(WHAT THIS TASK INVOLVES): Starting at the line with "Jeep artístico pintado" and ending at the line with "OEM Extrusion Aluminium", print exactly the lines of the entries below. Pictures do not belong in the copy.

(SOURCE INFORMATION):
※ ※ ※

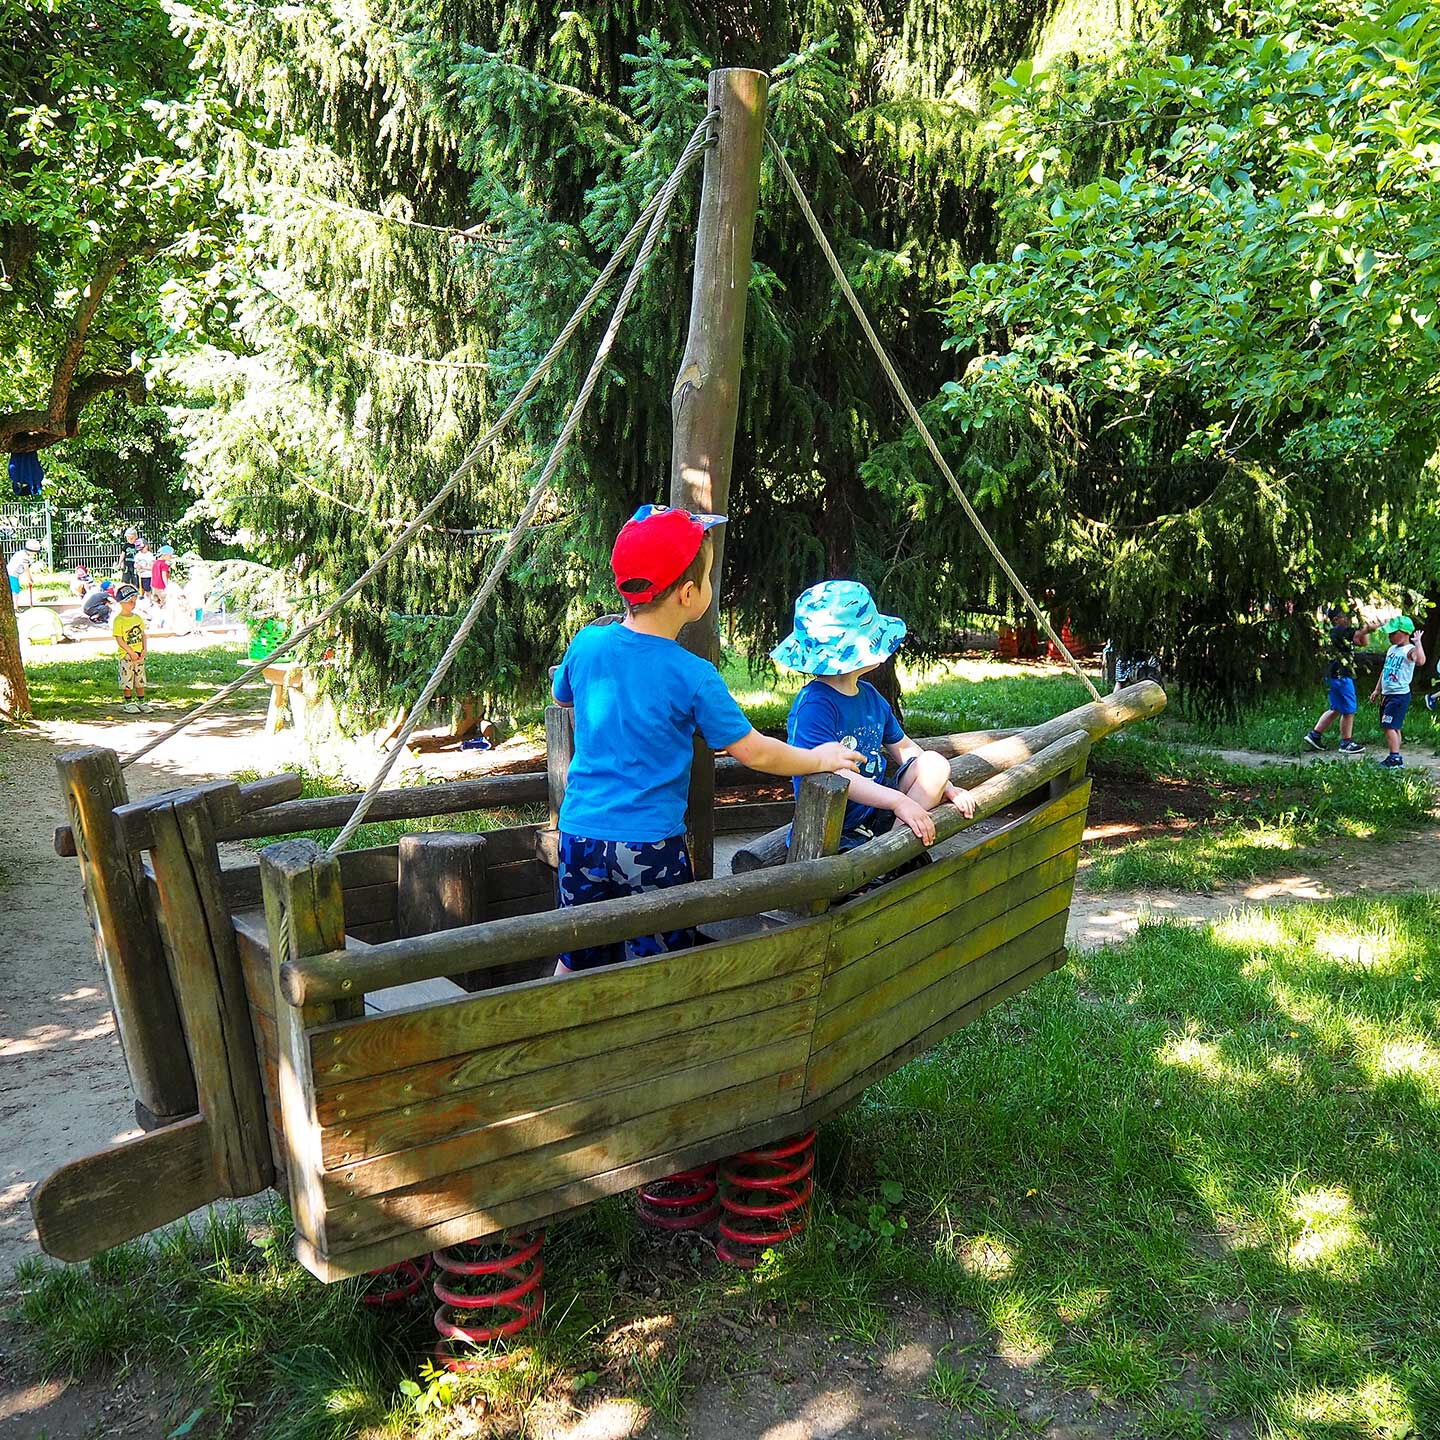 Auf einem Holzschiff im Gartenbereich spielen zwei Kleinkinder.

※ ※ ※

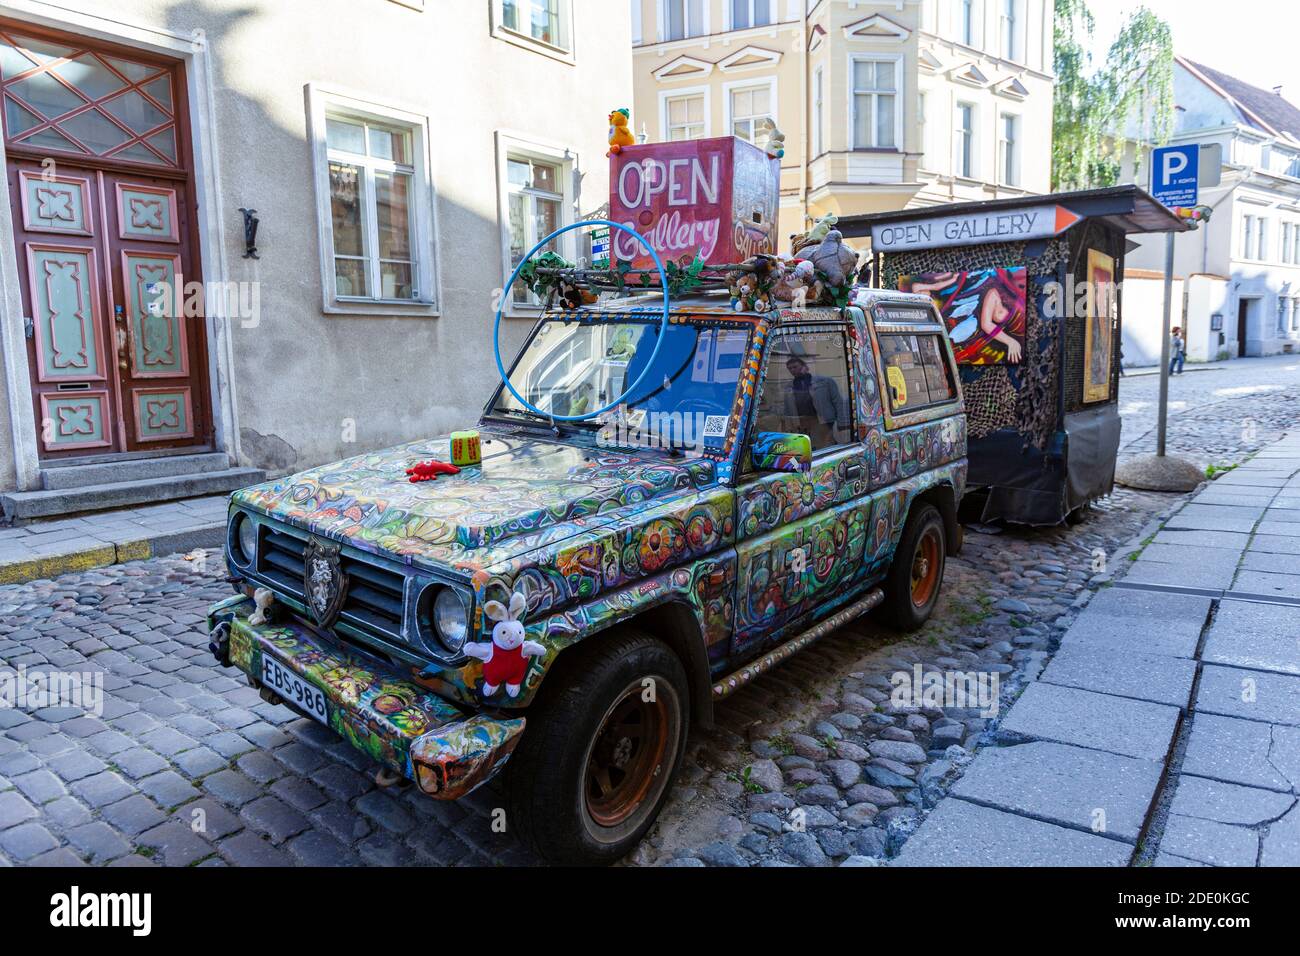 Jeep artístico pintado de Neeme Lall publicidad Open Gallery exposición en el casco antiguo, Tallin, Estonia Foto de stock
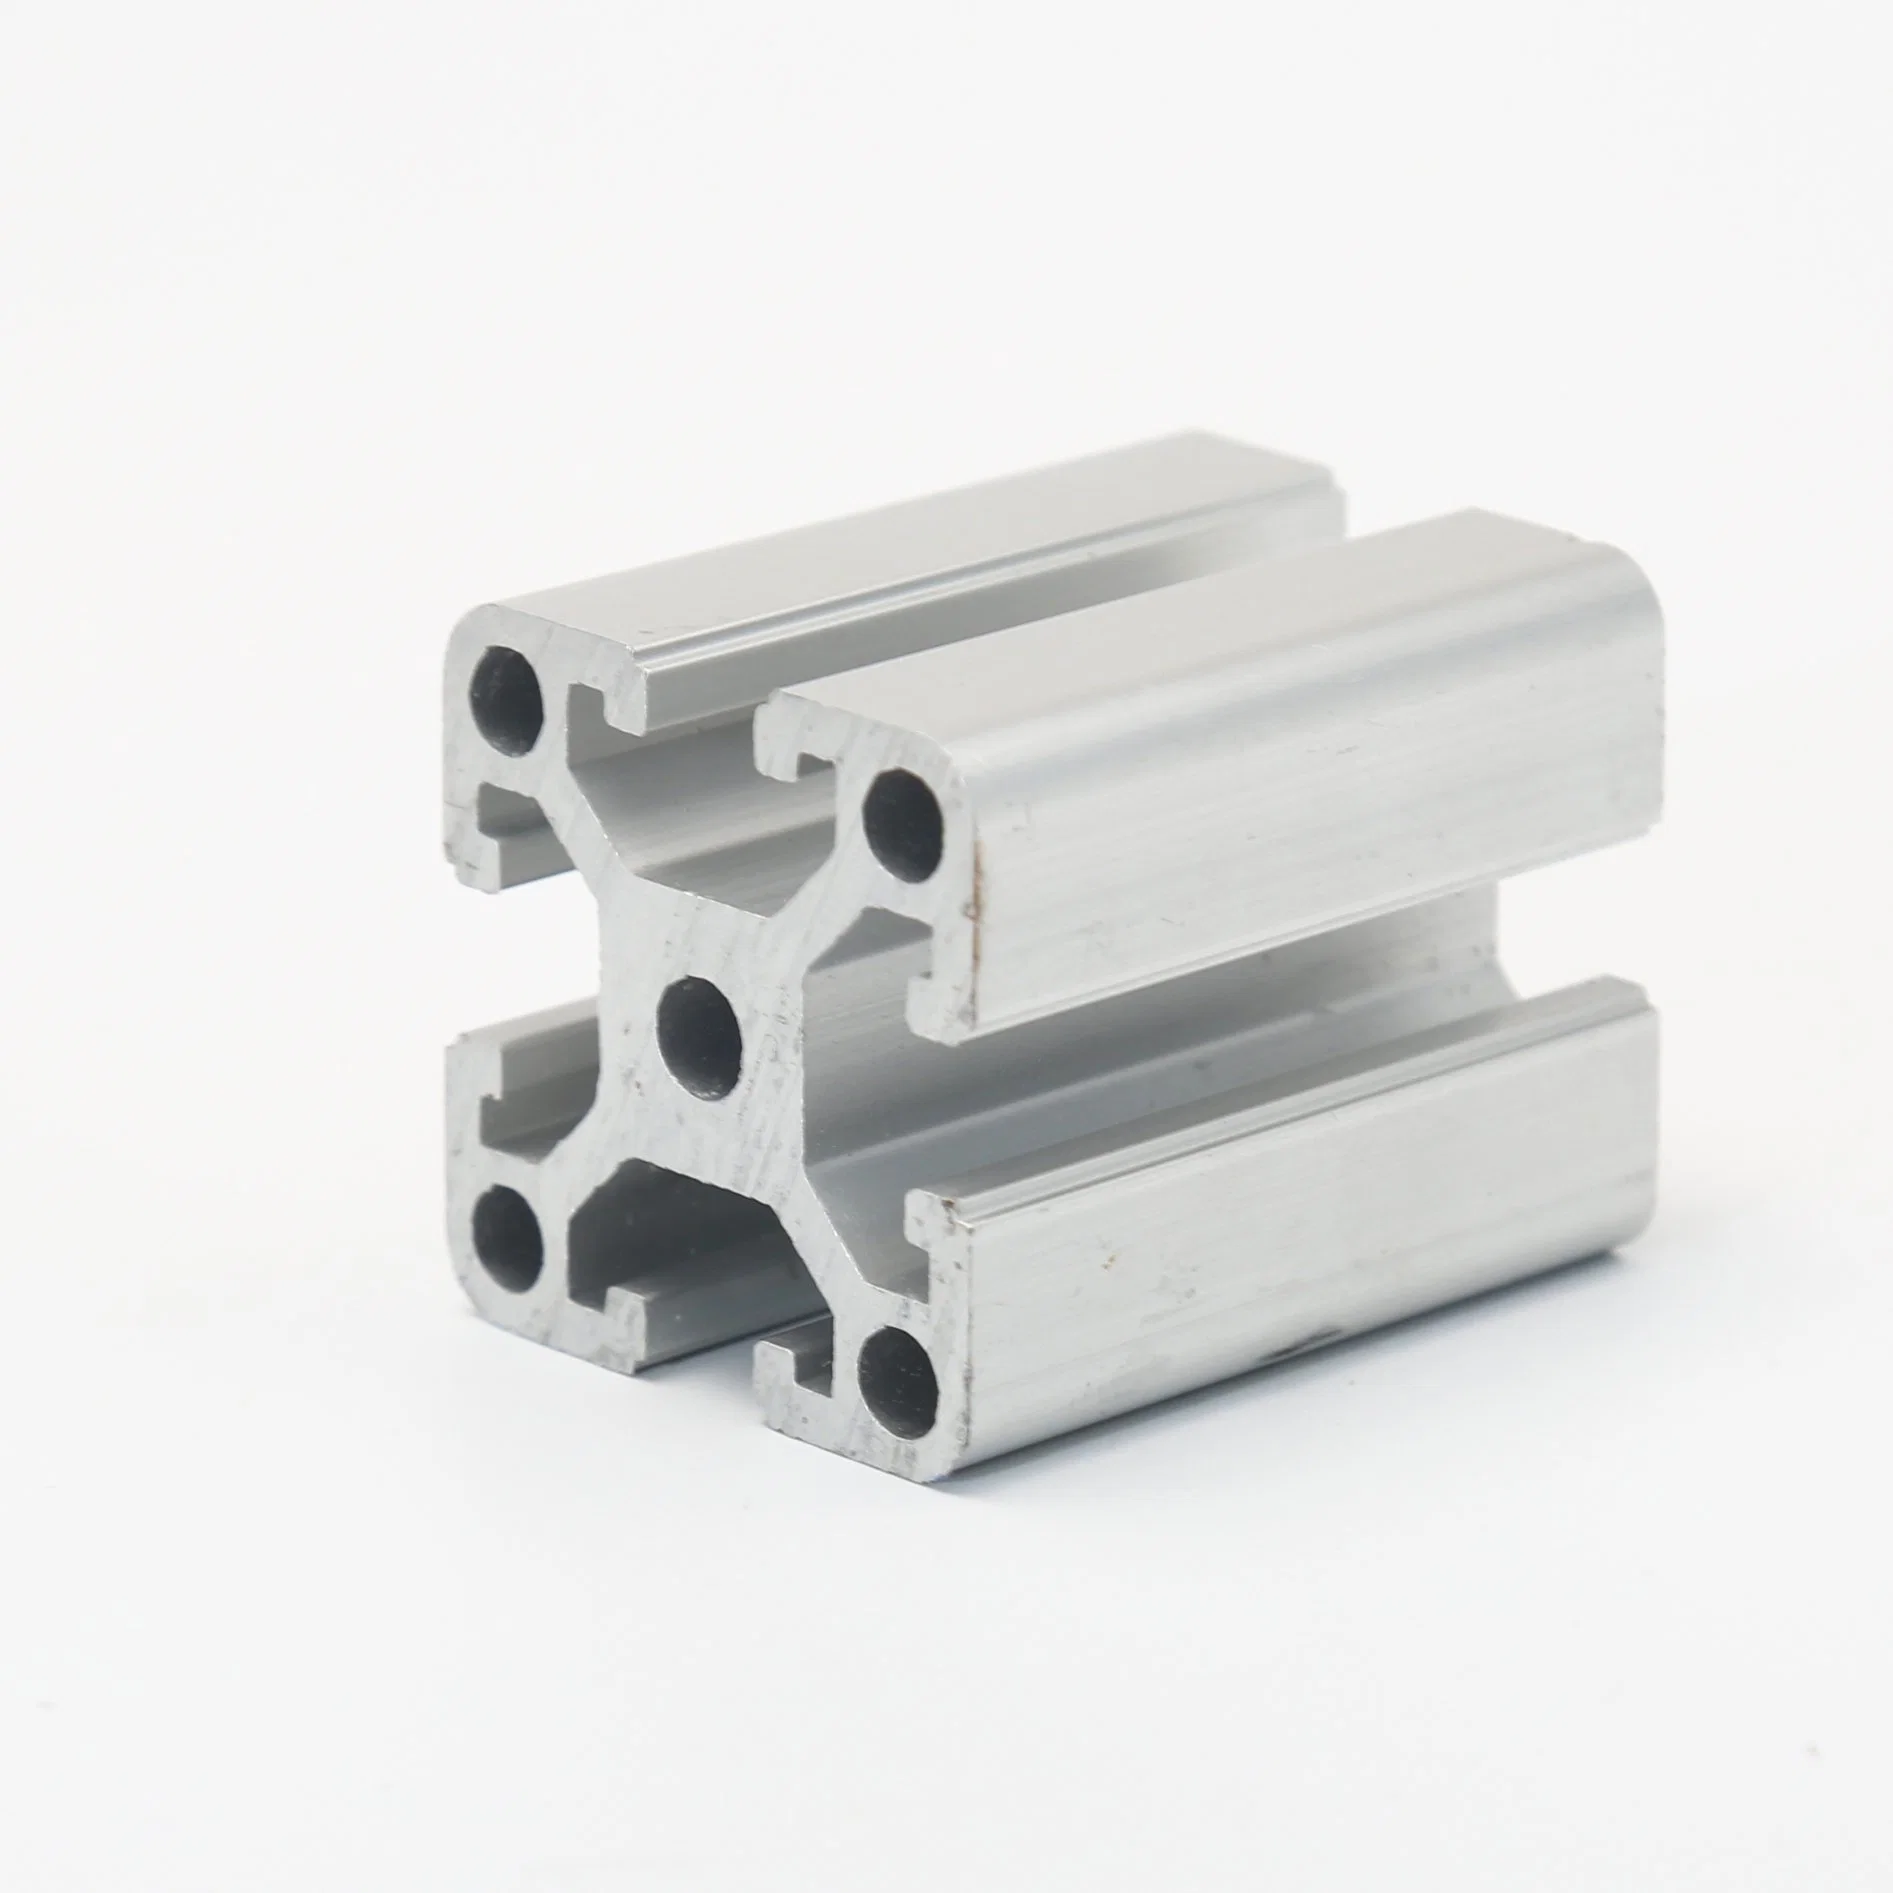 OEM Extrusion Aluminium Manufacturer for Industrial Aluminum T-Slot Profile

※ ※ ※

(RESULT):
 Jeep artístico pintado de Neeme Lall publicidad Open Gallery exposición en el casco antiguo, Tallin, Estonia Foto de stock
 OEM Extrusion Aluminium Manufacturer for Industrial Aluminum T-Slot Profile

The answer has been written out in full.